Target motion trajectories could be measured directly by fluoroscopy [53, 54] or indirectly by external motion detection systems [2830]. Techniques and limitations of motion detection systems are out of the scope of this contribution; we assume a reliable detection of motion phases. For retrospective dose calculations, motion trajectories have to be recorded during irradiations only. For optimization of motion mitigation strategies, the treatment delivery system has to react to actual motion phases online. Fluoroscopic tracking has been successfully used in Japan [53]. Treatments are gated with millimeter precision based on trajectories of fiducial markers close to the target. Currently, fluoroscopic tracking of the target or nearby structures without fiducial markers is under investigation. If external motion detection systems have to be used, ideally, the same motion detection system would be used during treatment delivery as was used for 4DCT data acquisition.

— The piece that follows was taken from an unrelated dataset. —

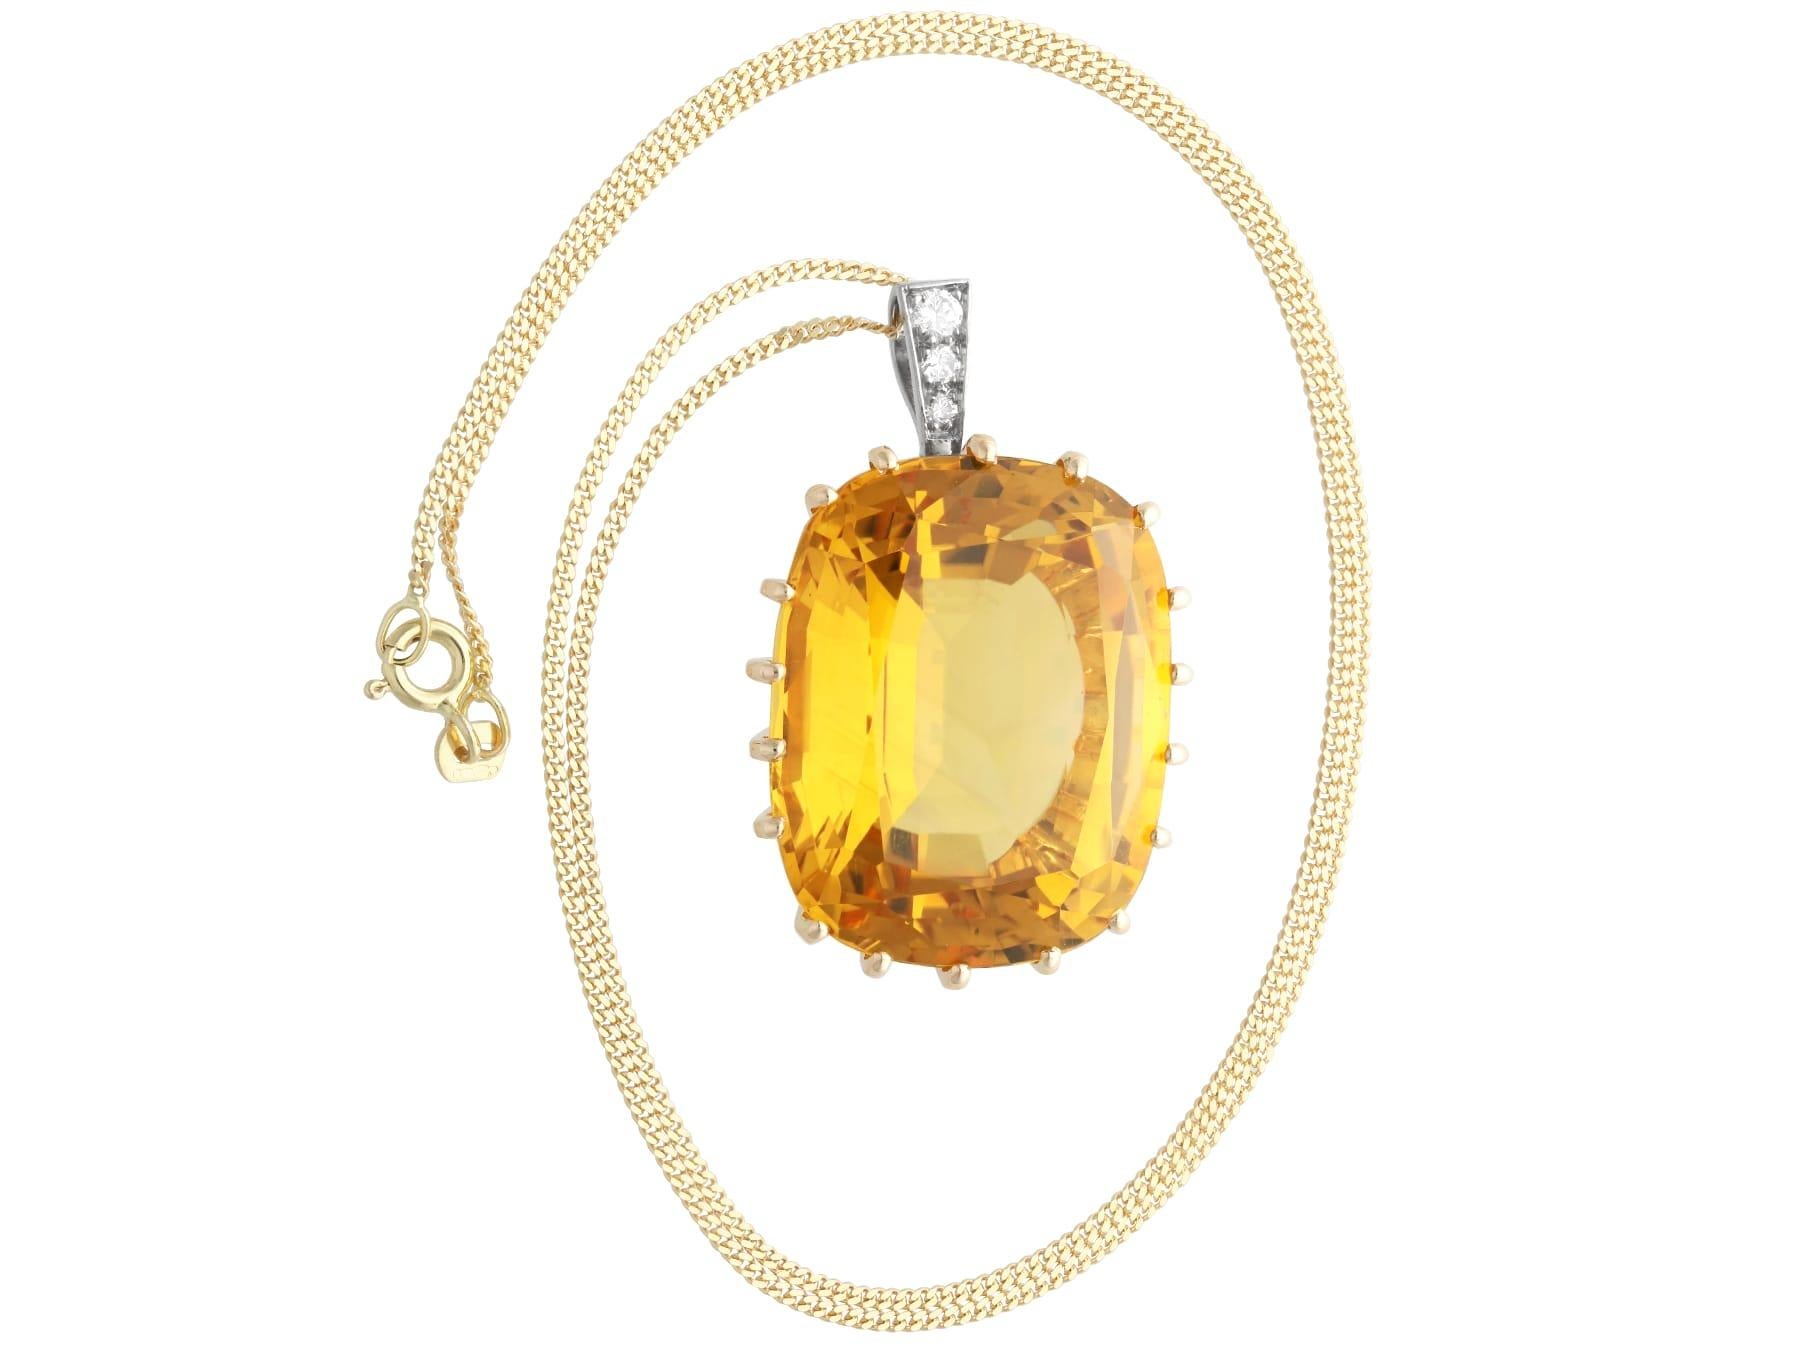 Cushion Cut Vintage French 64.39 Carat Citrine and Yellow Gold Pendant

Besides target motion beam motion during scanned beam application has to be considered to model interplay effects. Recording of the irradiation time of each beam position has already been implemented at GSI. Treatment times for individual pencil beam positions are typically below 10 ms which usually results in less than 0.1 mm of motion for typical respiratory parameters.


We extended GSI's treatment planning system TRiP to full 4D functionality. The new modules facilitate 4D dose calculation and optimization for tracking, gating, rescanning, and internal margins. Calculations and optimizations are based on 4DCT information, organ motion, and trajectory of the scanned ion pencil beam.